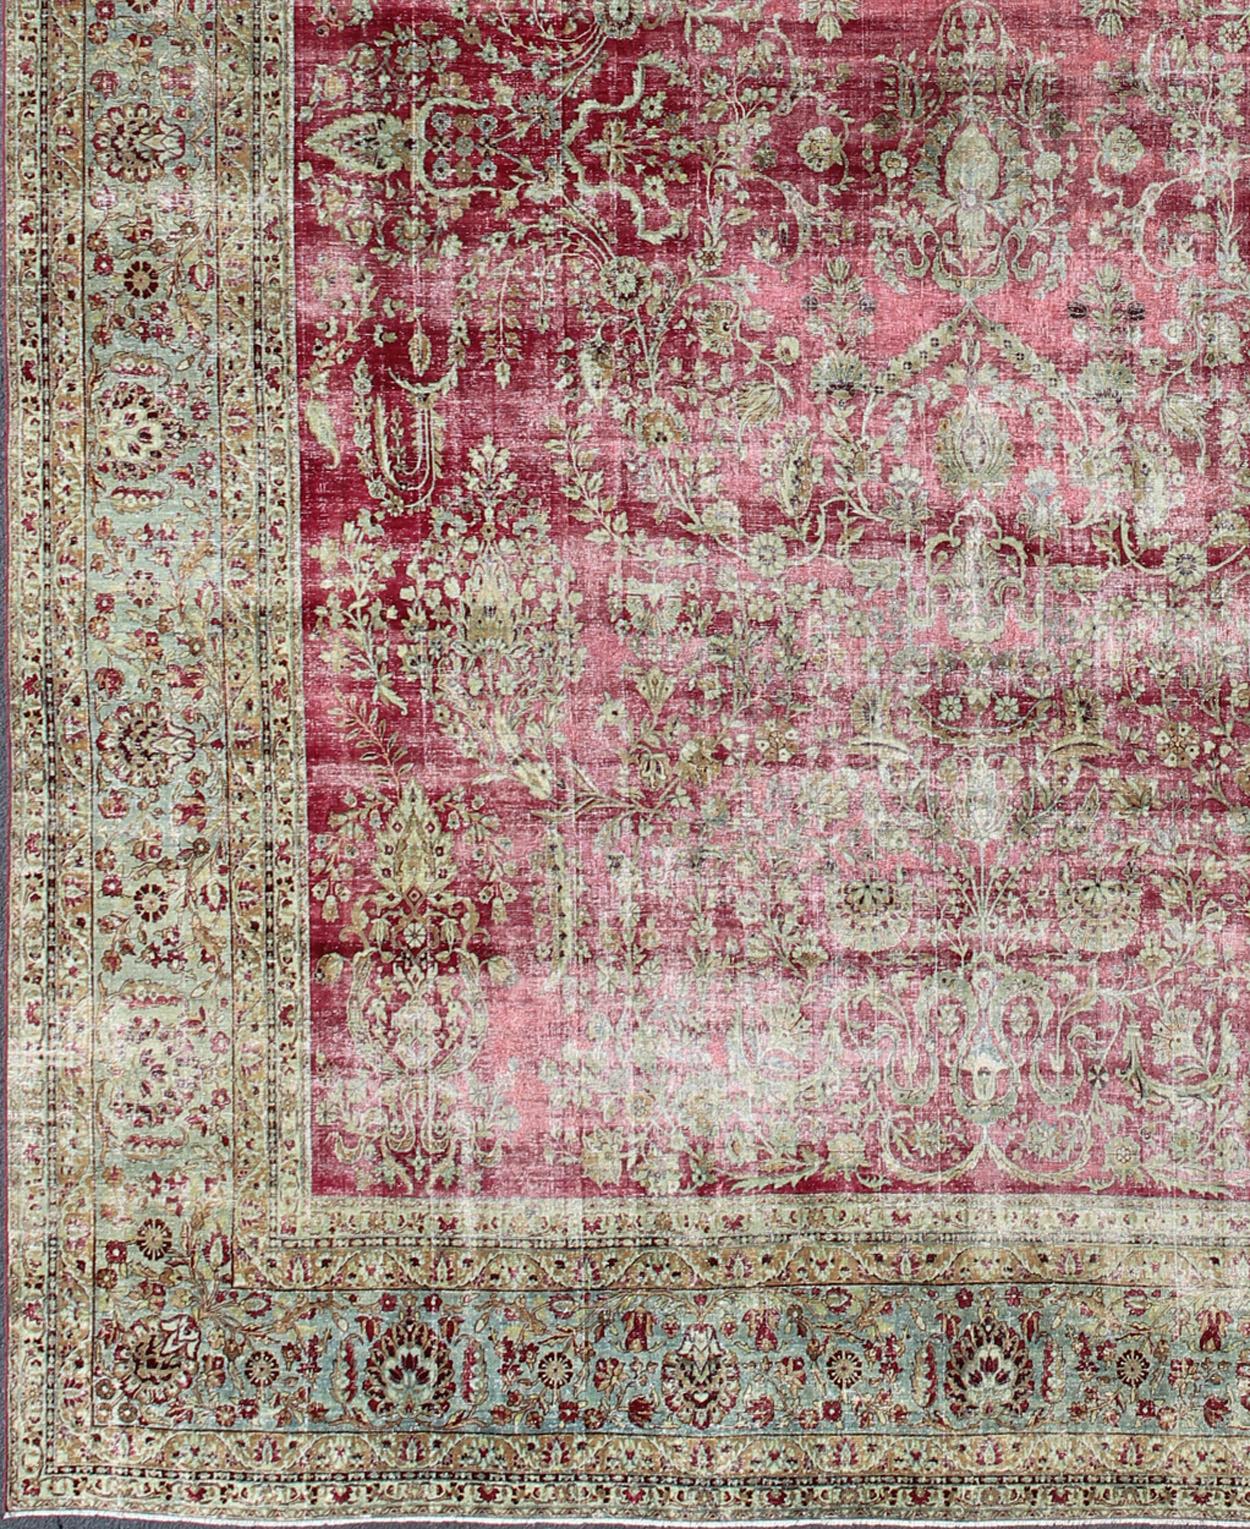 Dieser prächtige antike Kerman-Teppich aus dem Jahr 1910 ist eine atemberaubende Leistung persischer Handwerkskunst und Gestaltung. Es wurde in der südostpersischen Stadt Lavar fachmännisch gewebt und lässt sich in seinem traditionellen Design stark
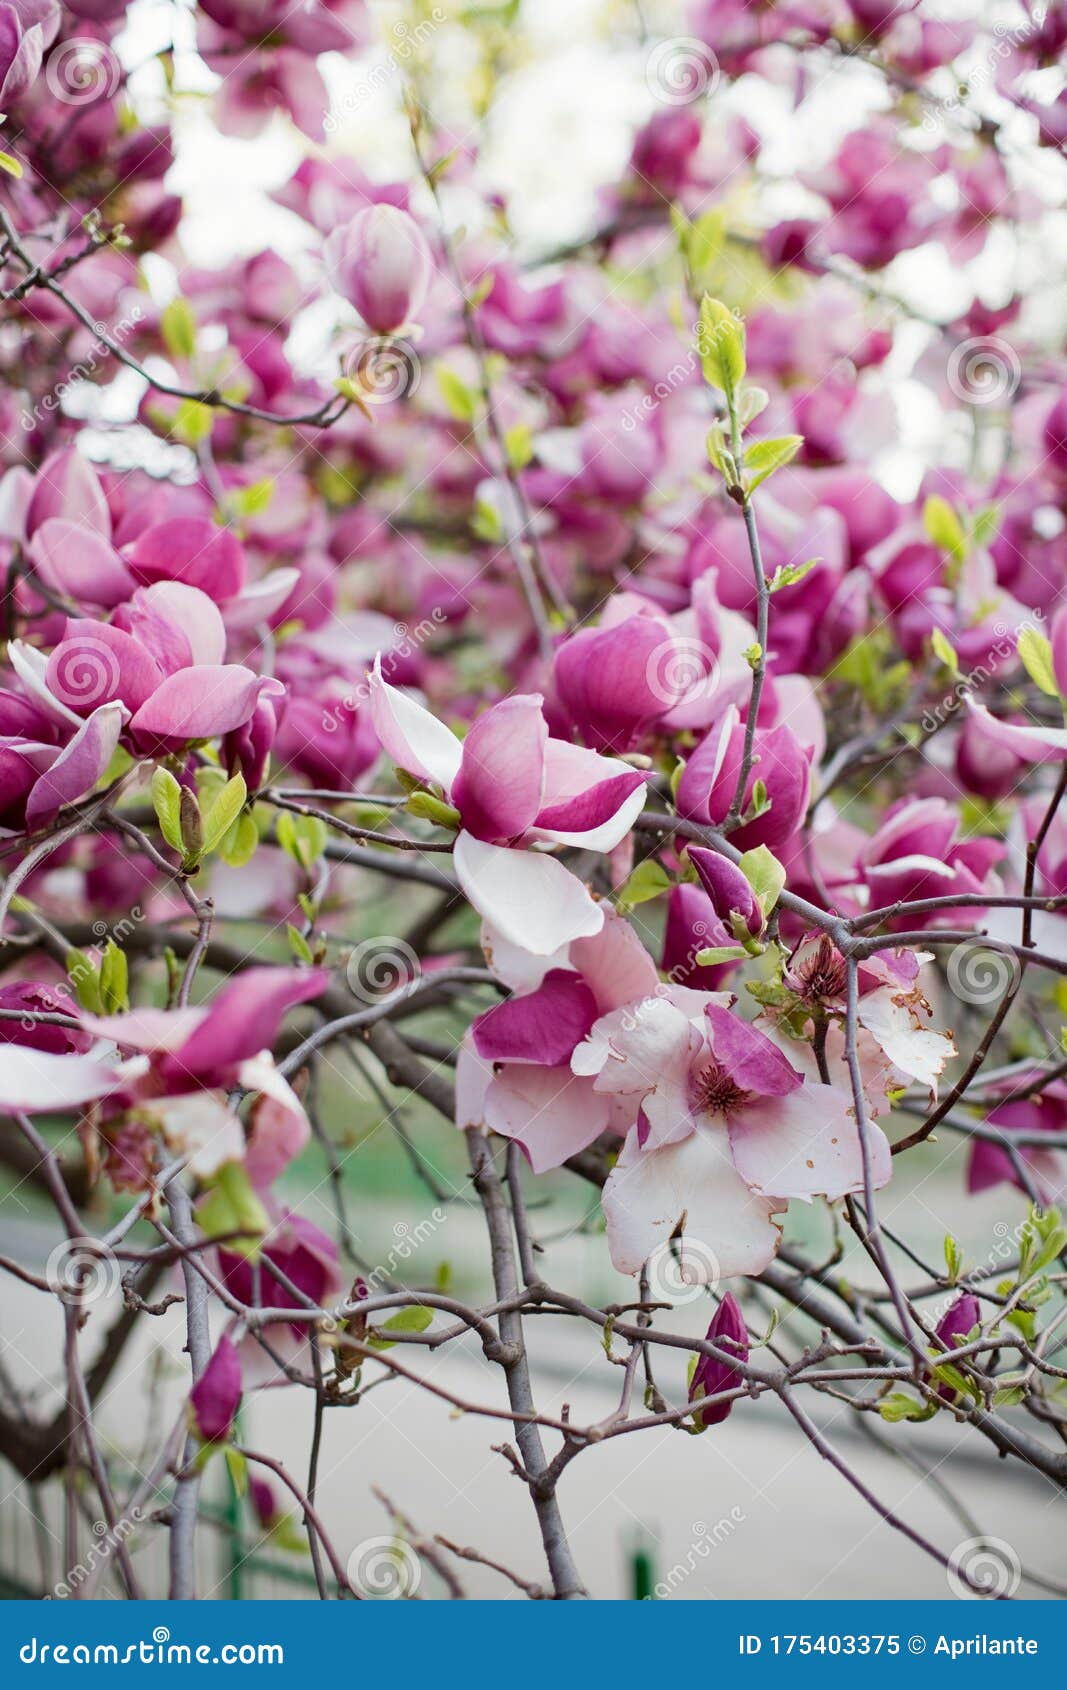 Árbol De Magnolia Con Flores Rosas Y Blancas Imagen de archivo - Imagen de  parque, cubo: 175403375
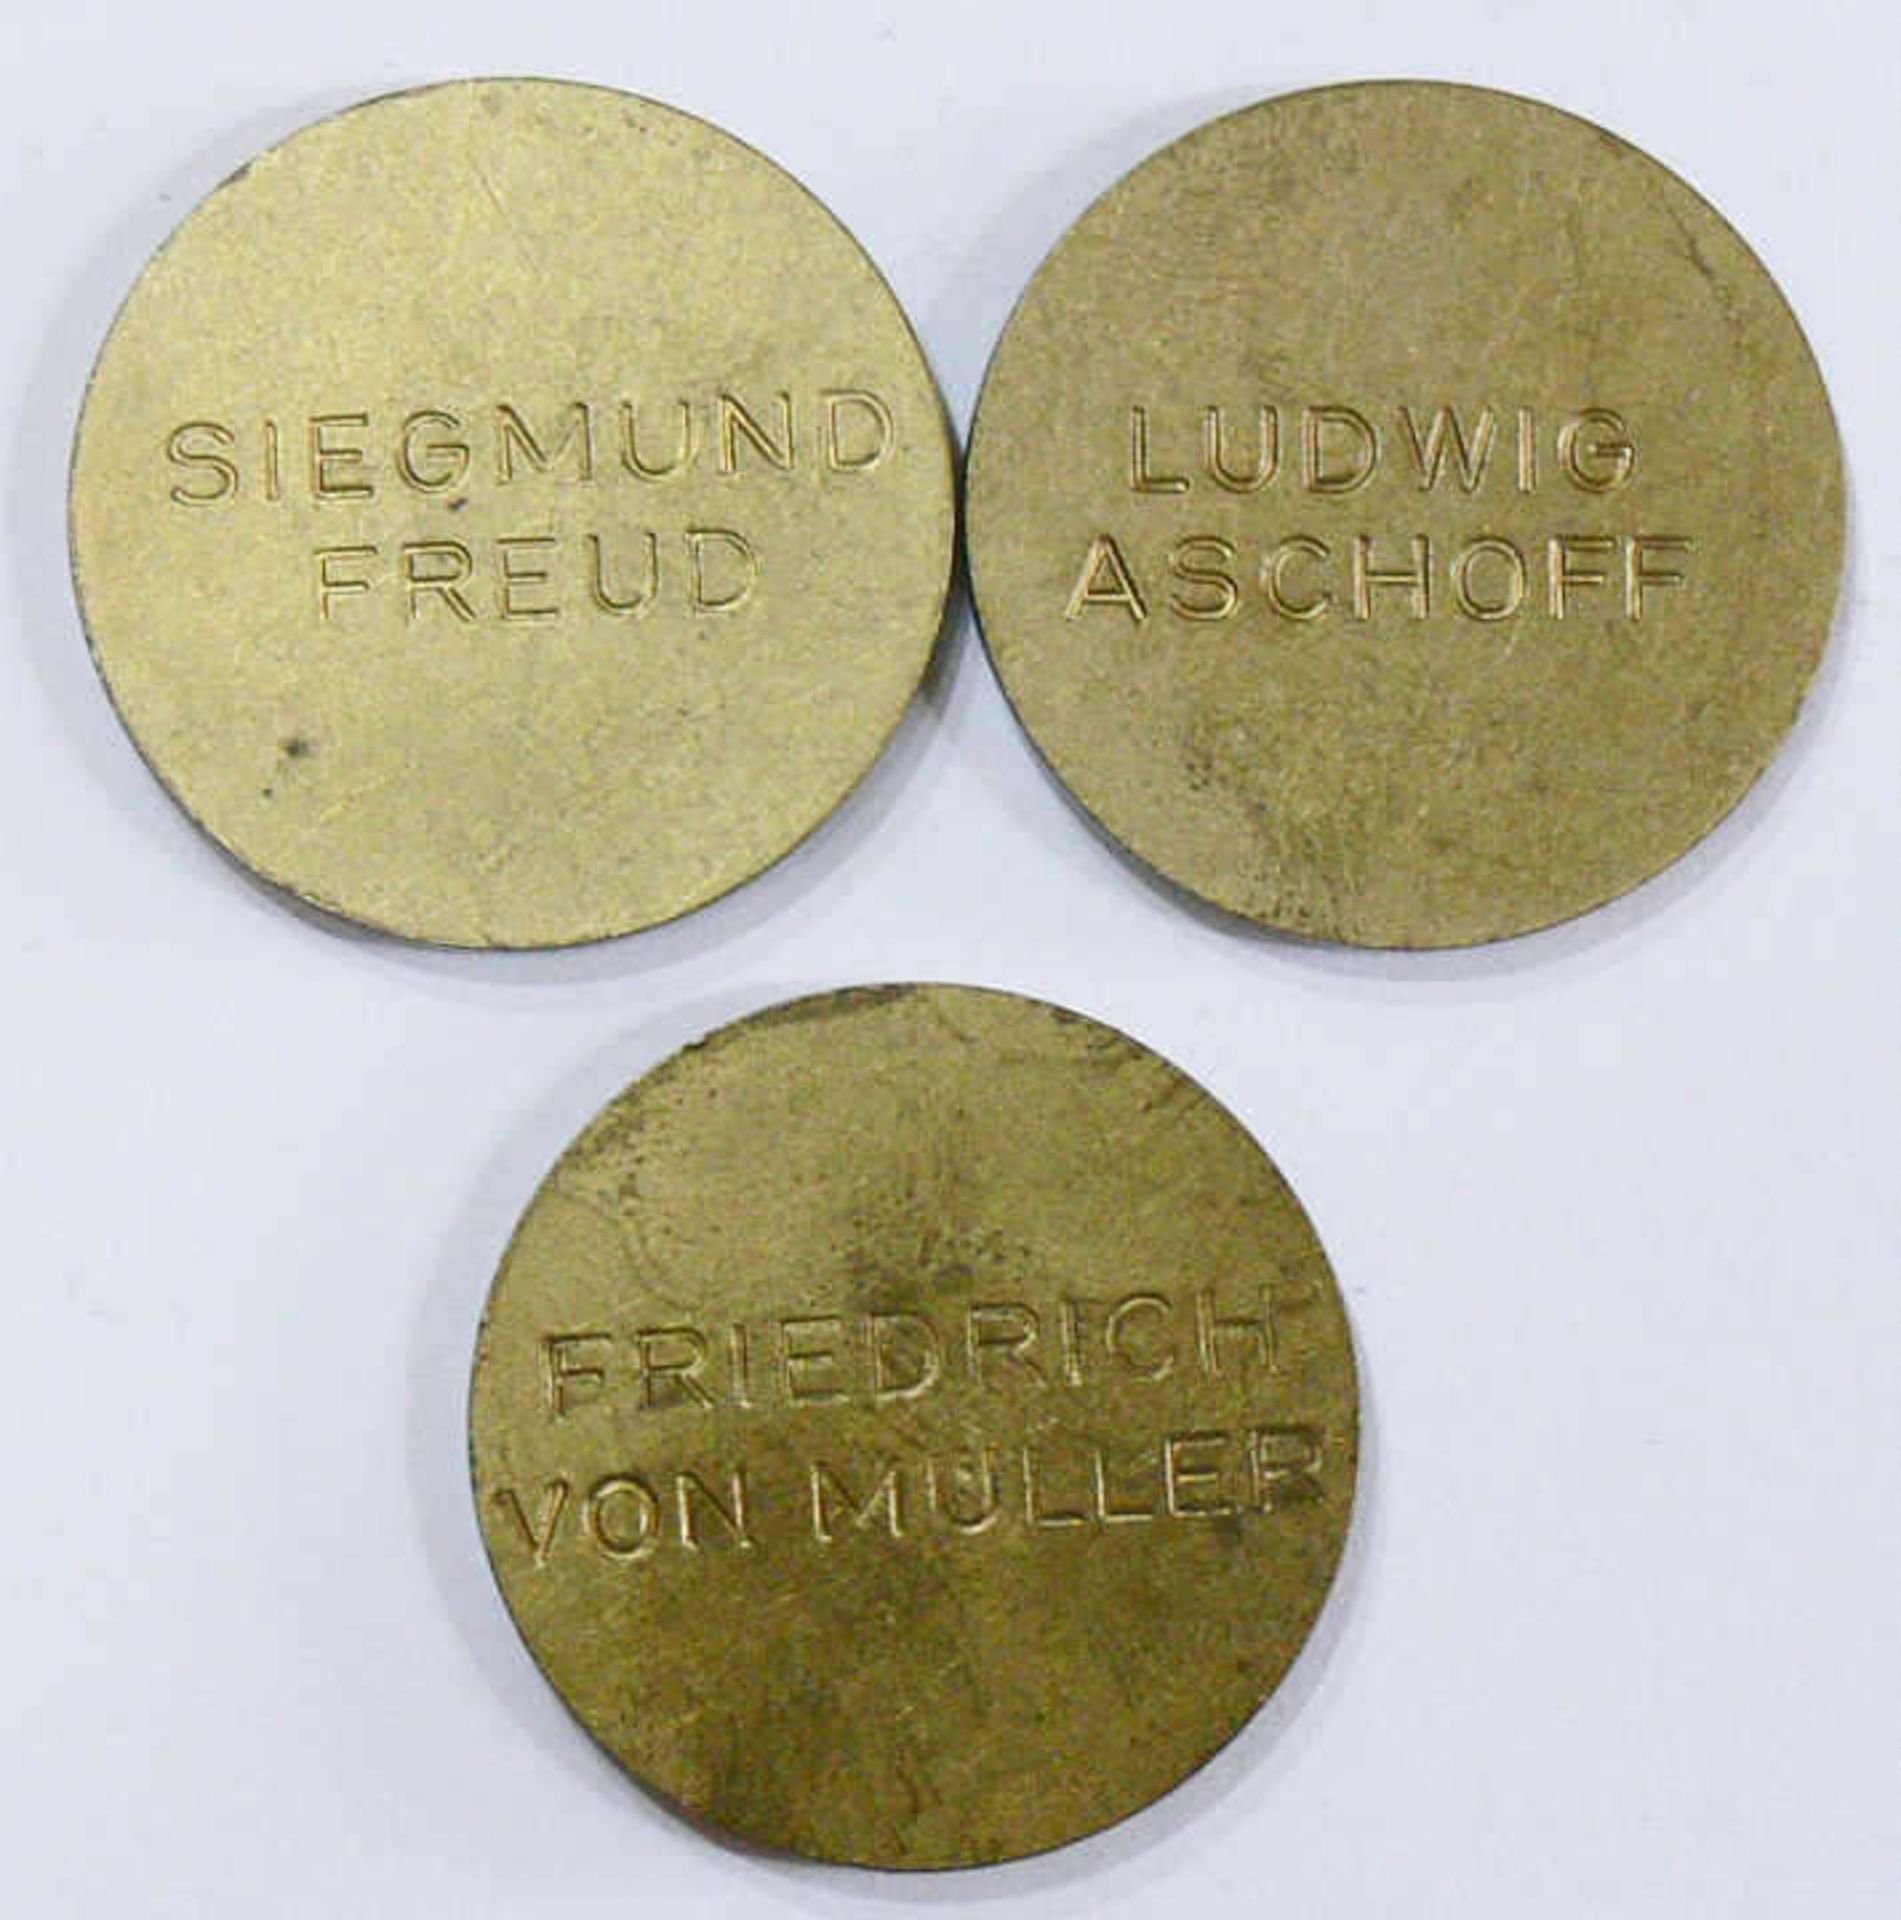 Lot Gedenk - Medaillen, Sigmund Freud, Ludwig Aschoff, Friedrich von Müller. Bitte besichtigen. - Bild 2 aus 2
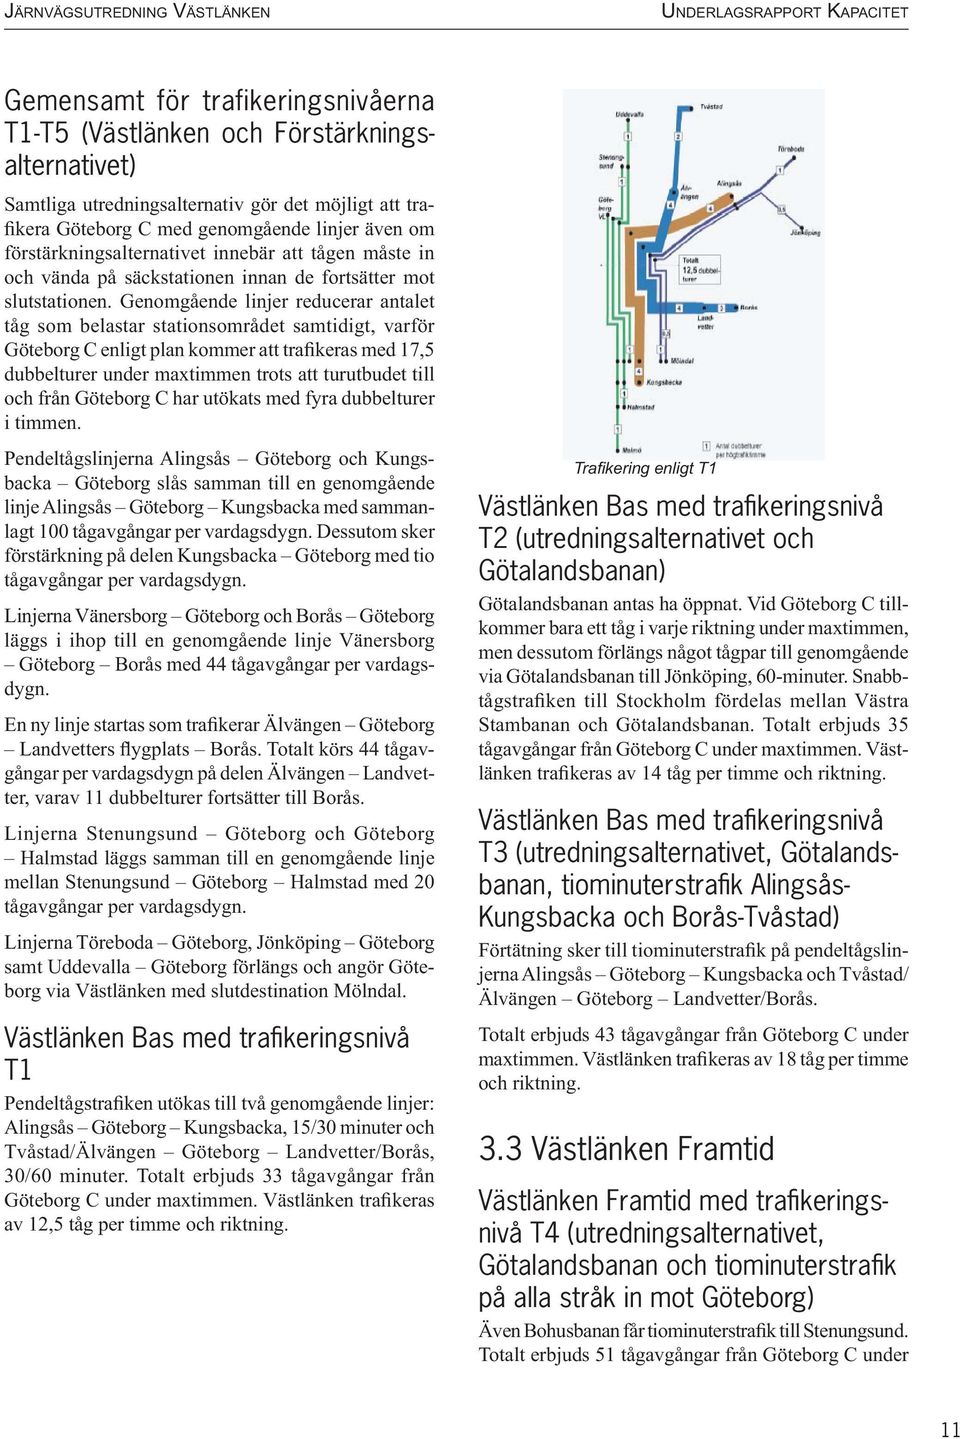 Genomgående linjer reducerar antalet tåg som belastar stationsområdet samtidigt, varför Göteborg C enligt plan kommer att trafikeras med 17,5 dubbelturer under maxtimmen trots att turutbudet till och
========================================
:: Task objective ::
Transcribe the opening line of the listing above, please, and every line after it through the line with "Árbol De Magnolia", word for word, without pictures.

:: Answer area ::
 Dieser prächtige antike Kerman-Teppich aus dem Jahr 1910 ist eine atemberaubende Leistung persischer Handwerkskunst und Gestaltung. Es wurde in der südostpersischen Stadt Lavar fachmännisch gewebt und lässt sich in seinem traditionellen Design stark
 Árbol De Magnolia Con Flores Rosas Y Blancas Imagen de archivo - Imagen de  parque, cubo: 175403375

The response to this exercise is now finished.